**Task requirements**
Please repeat the entire listing verbatim and keep the pictures out.

**Available data**

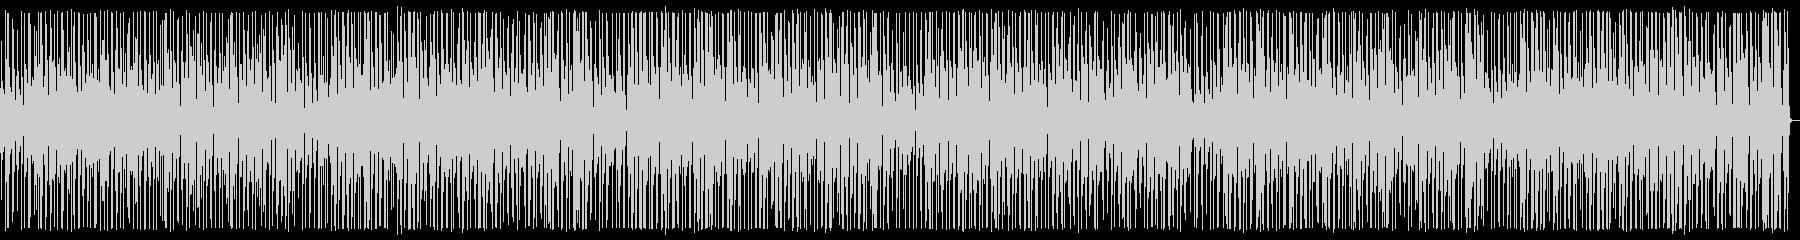 YouTube アコギ・カホン・日常の未再生の波形
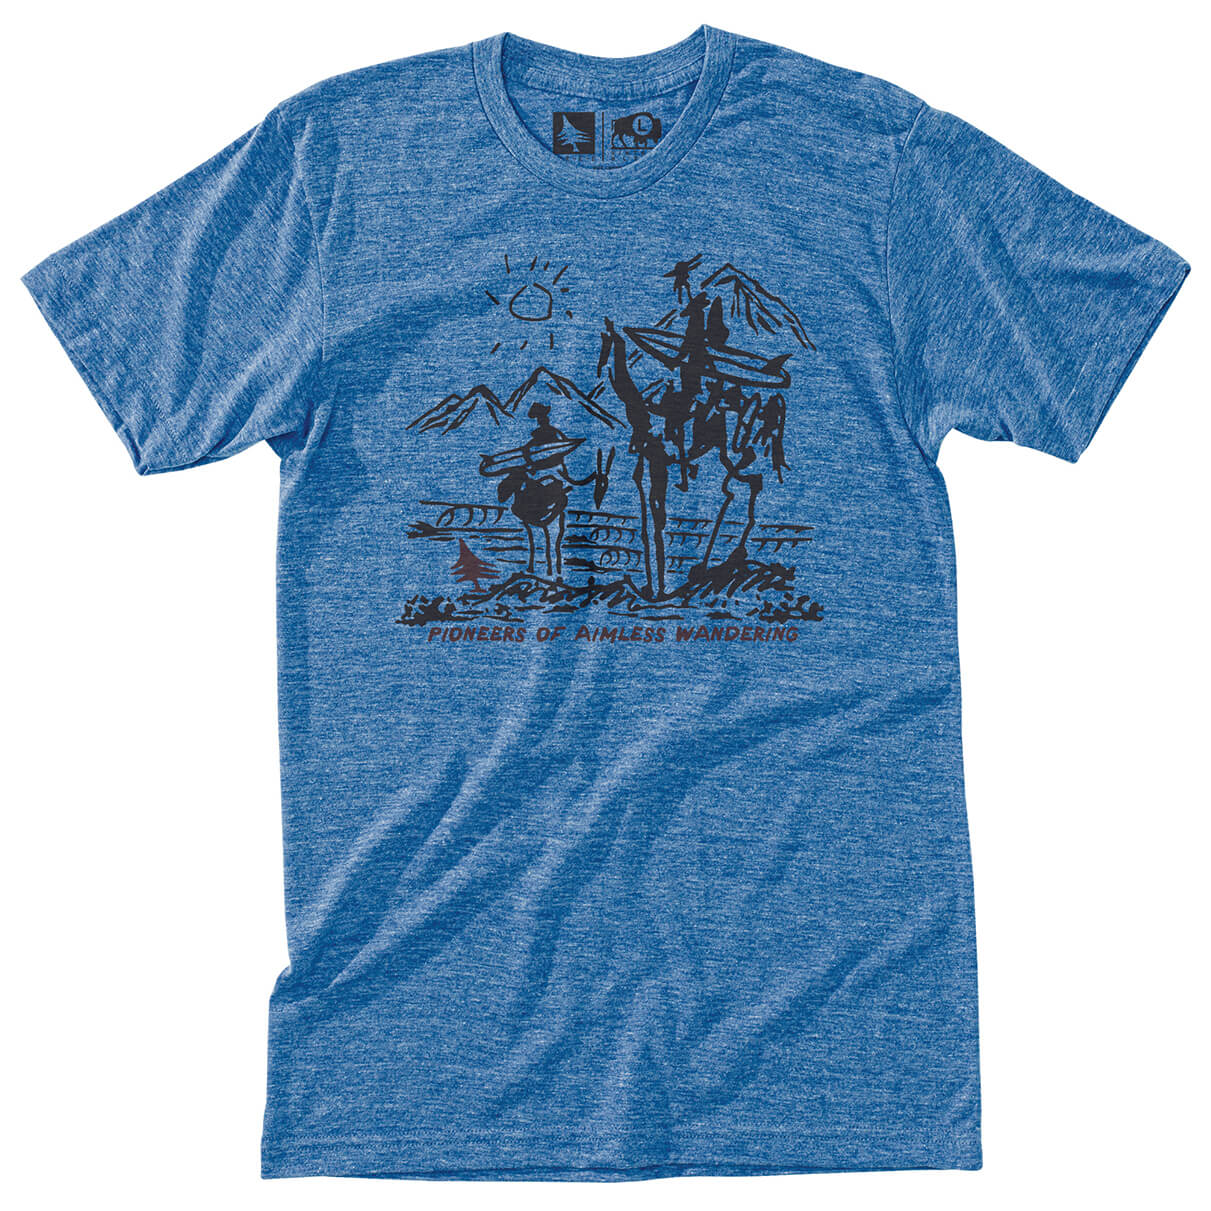 Hippy tree drifter tee t shirt homme achat en ligne for Hippie t shirts australia
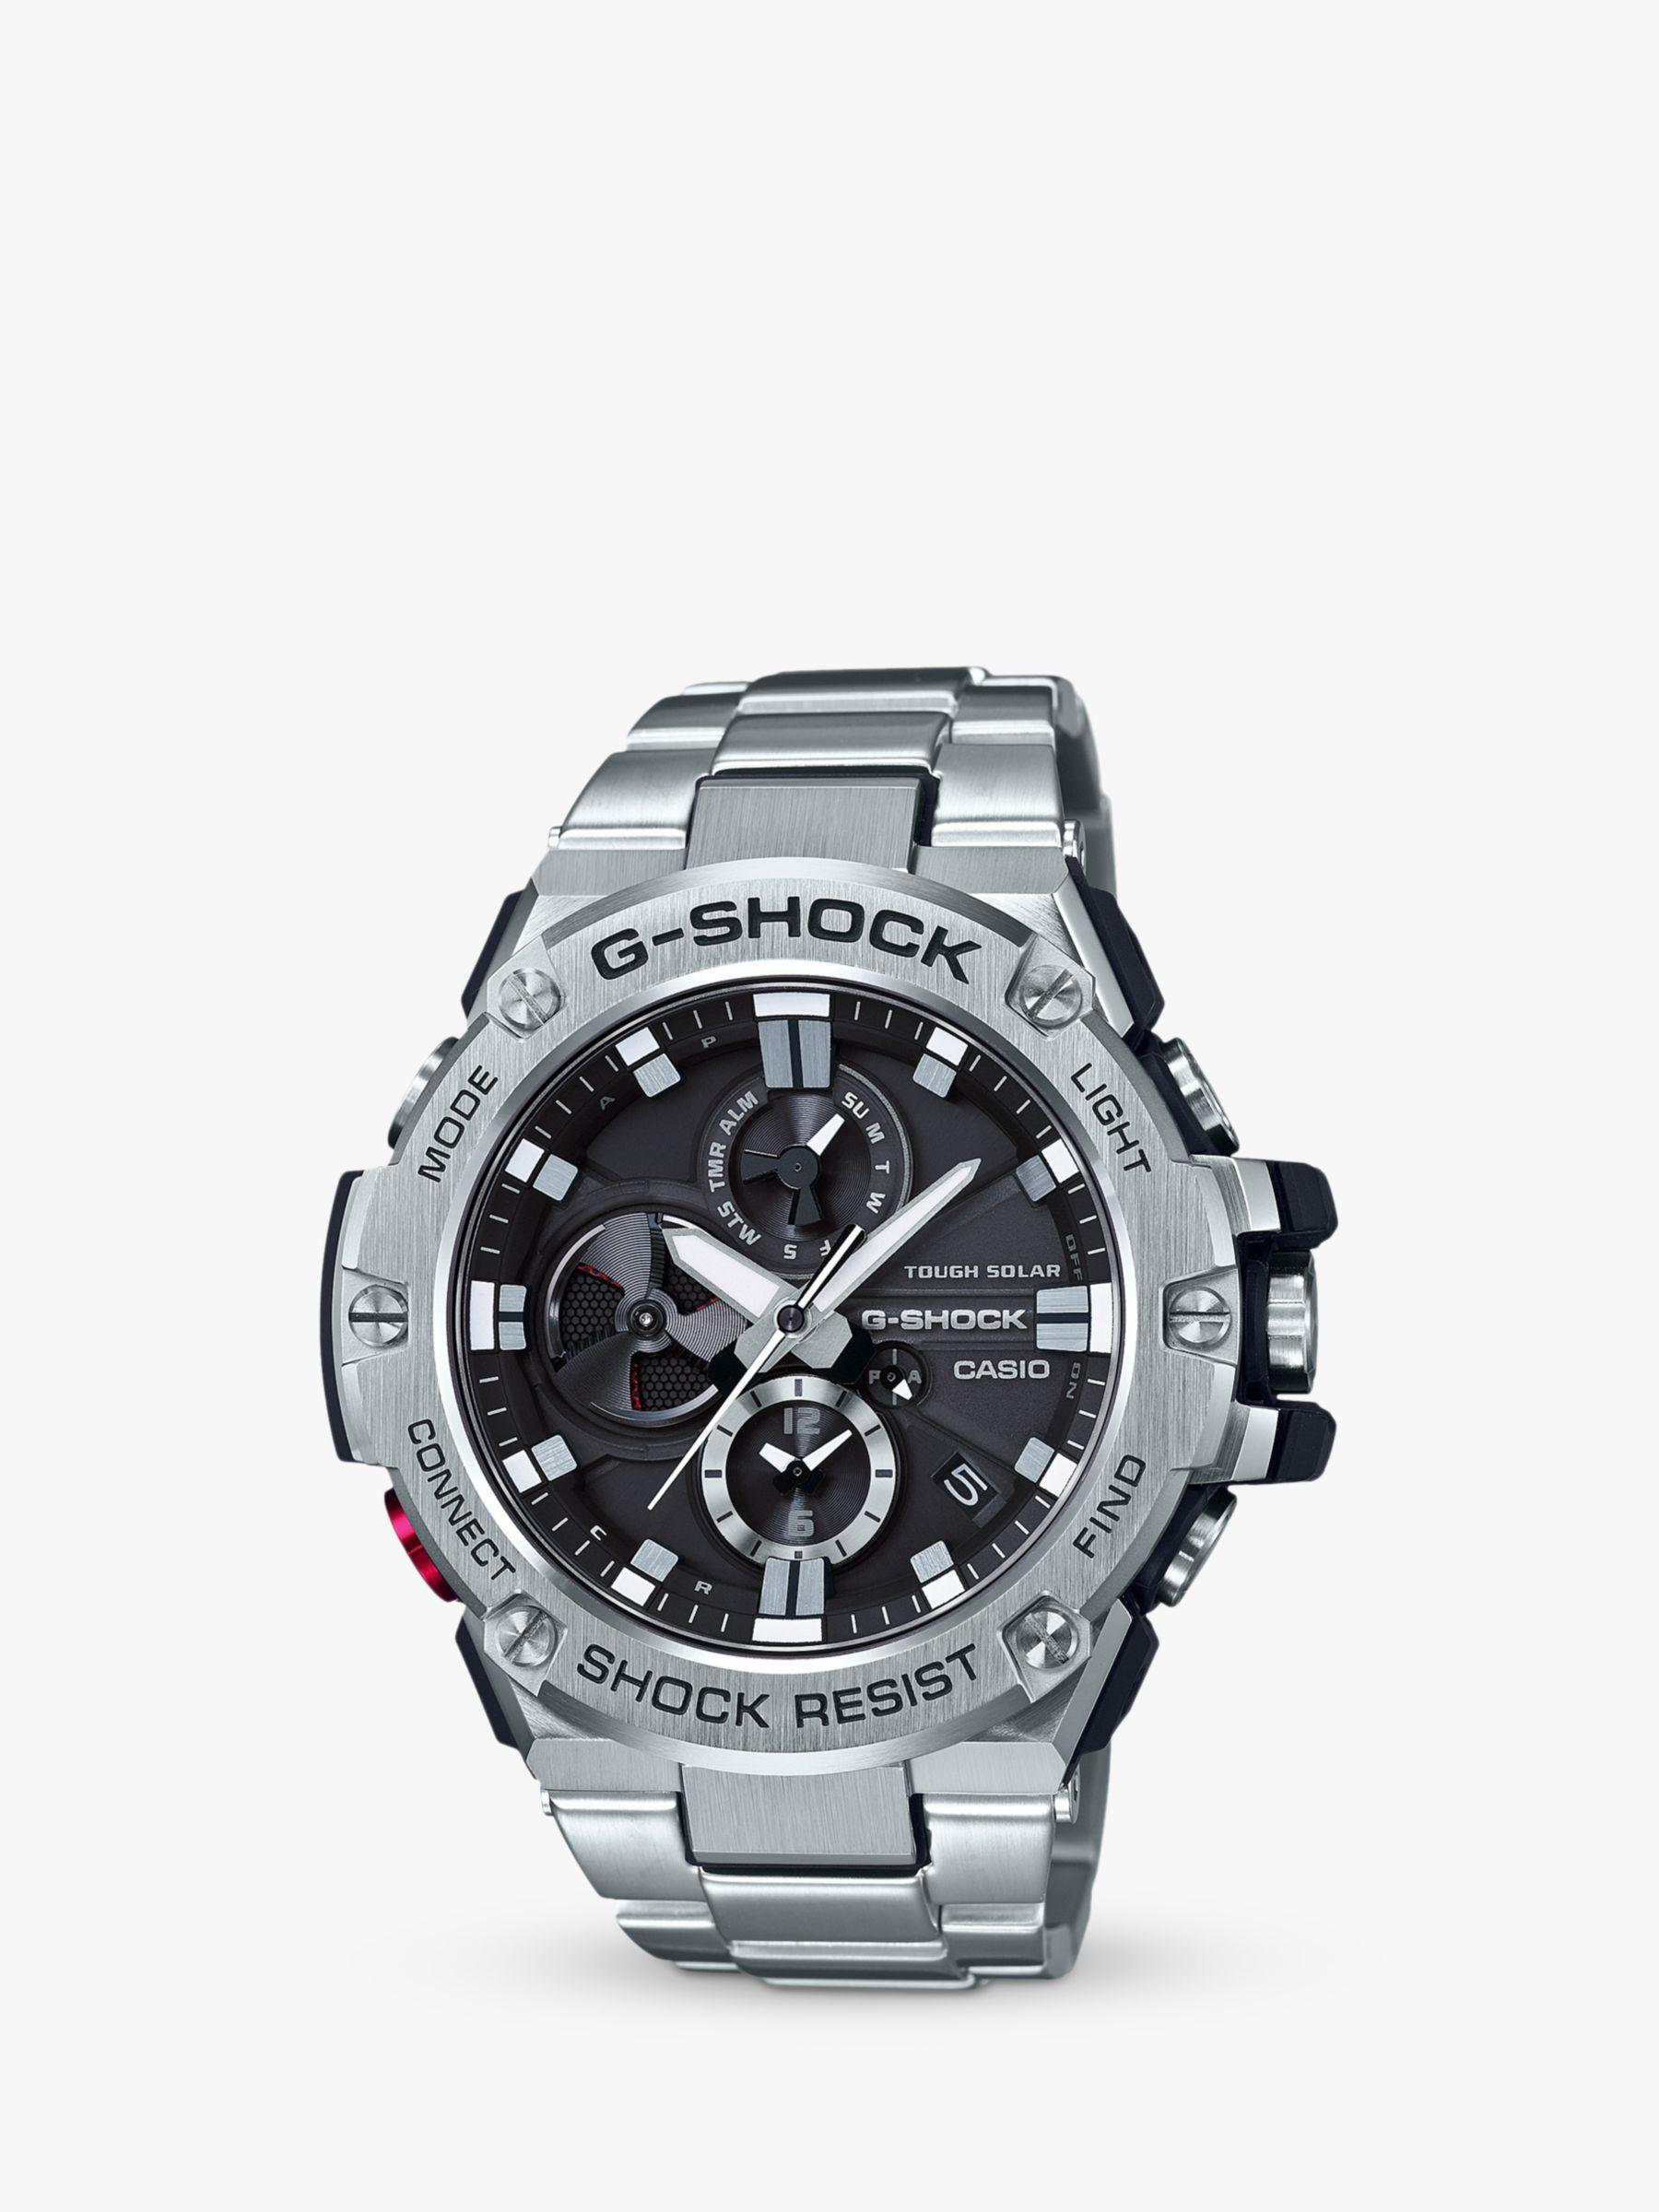 Casio Casio GST-B100D-1AER Men's G-Shock Chronograph Day Date Bracelet Strap Watch, Silver/Black

**Finished exercise**
 YouTube アコギ・カホン・日常の未再生の波形
 Hippy tree drifter tee t shirt homme achat en ligne for Hippie t shirts australia
 Casio Casio GST-B100D-1AER Men's G-Shock Chronograph Day Date Bracelet Strap Watch, Silver/Black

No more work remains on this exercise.